In the 1800's Brighton was Boston's Wild West, home of large stockyards and the supplier of Boston's beef. Over two hundred years ago the people of Brighton formed the Brighton Social Library, open to local citizens for a fee. When the town was annexed to Boston in 1874, the Brighton Social Library became a branch of the Boston Public Library. The same year the collection was moved from the Town Hall to a ornate library building named for Brighton notable, James Holton. In 1969 a new Brighton Branch building was opened. The building was designed by Norman C. Fletcher of the Architects Collaborative of Cambridge.
The 22,400 square foot Brighton Branch at 40 Academy Hill Road, reopened in December 2010 after more than 18 months of extensive interior renovations. The City of Boston's Property and Construction Management Department managed this capital project, which updated the mechanical equipment, provided ADA accessibility, improved sightlines, and increased technological capacity.
The renovation of the 1969 building created light-filled spaces with modern furniture, a new teen space with café-style seating, a new community room, and a landscaped yard on Academy Hill Road. Visitors can also take advantage of more than 20 new computers for all ages.
The Brighton Branch of the Boston Public Library earned LEED® Silver Certification established by the U.S. Green Building Council and verified by the Green Building Certification Institute. The Brighton Branch is one of the first renovated City of Boston buildings to incorporate the U.S. Green Building Council's LEED (Leadership in Energy & Environmental Design) Commercial Interiors guidelines.
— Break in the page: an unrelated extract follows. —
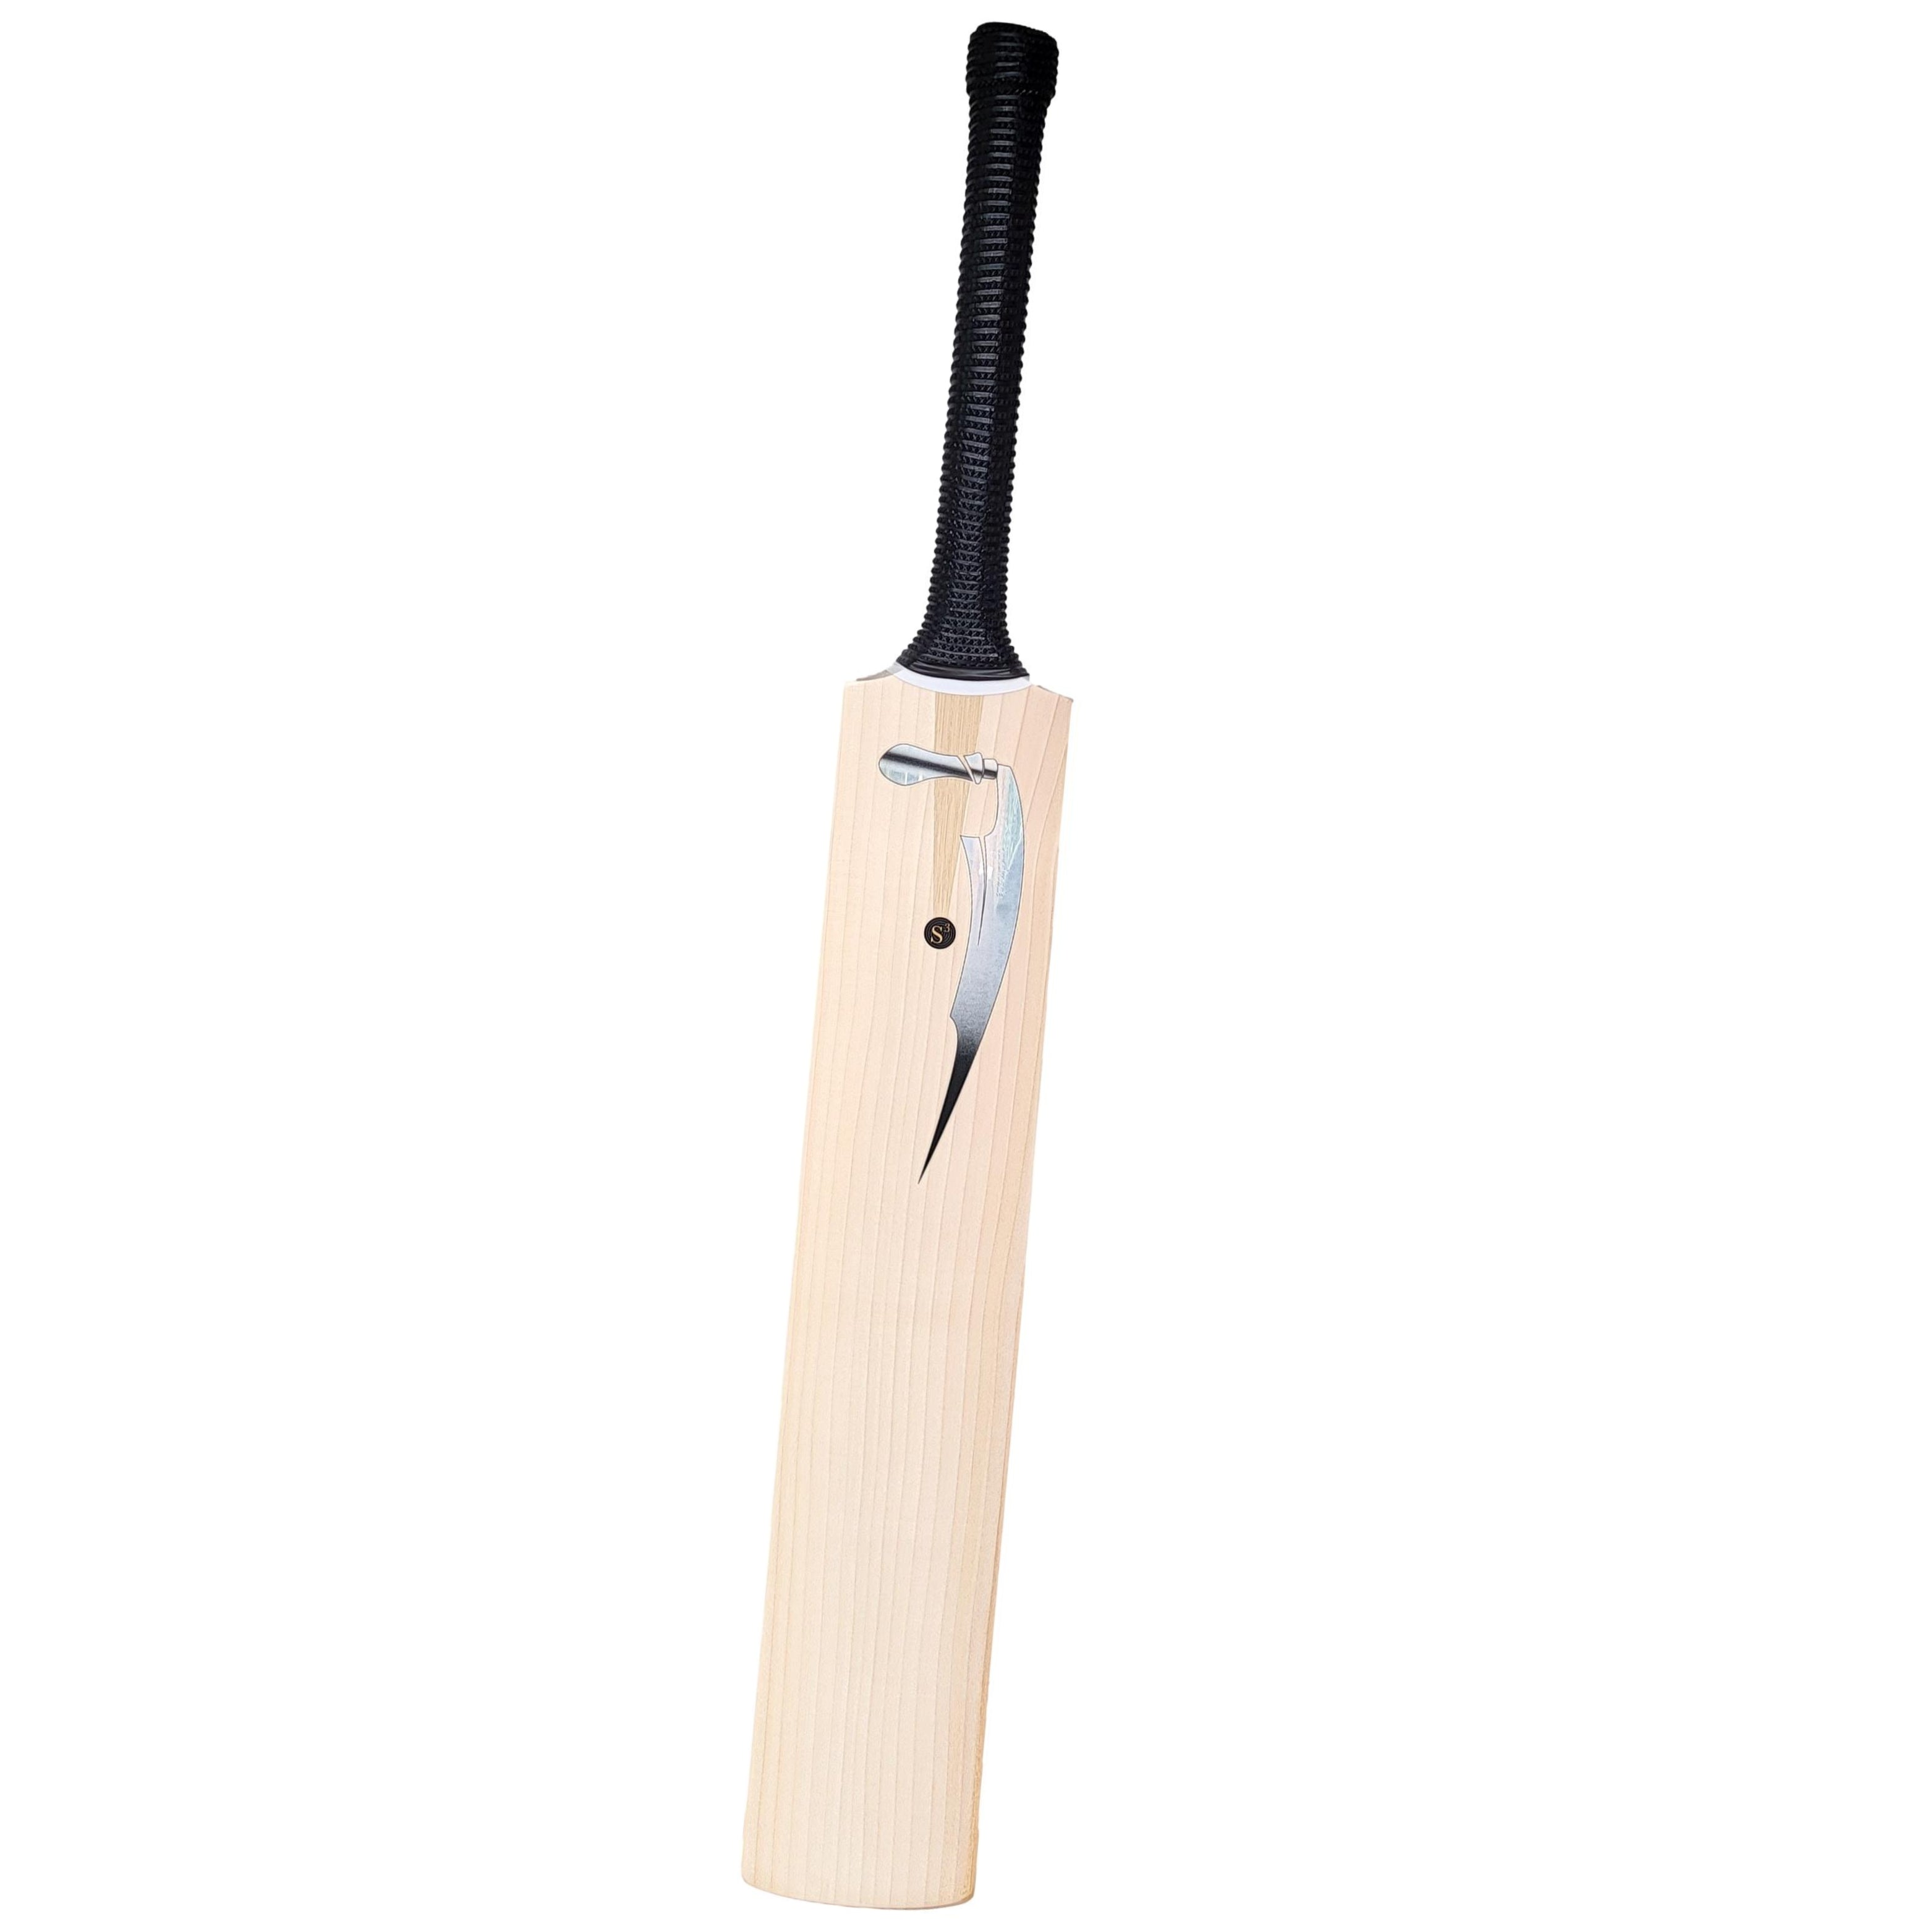 SALIX AJK KNIFE Finite English Willow Cricket Bat Short Handle SH

The branch holds a very good collection on local history, including a display of photographs from the archives of the Brighton Allston Historical Society, and oral histories of Brighton residents that will soon be available online. In addition to a comprehensive basic collection, the branch holds a large collection of large-print materials. There are also Russian and Spanish reading materials, and an impressive audiovisual collection — DVDs, CDs and more.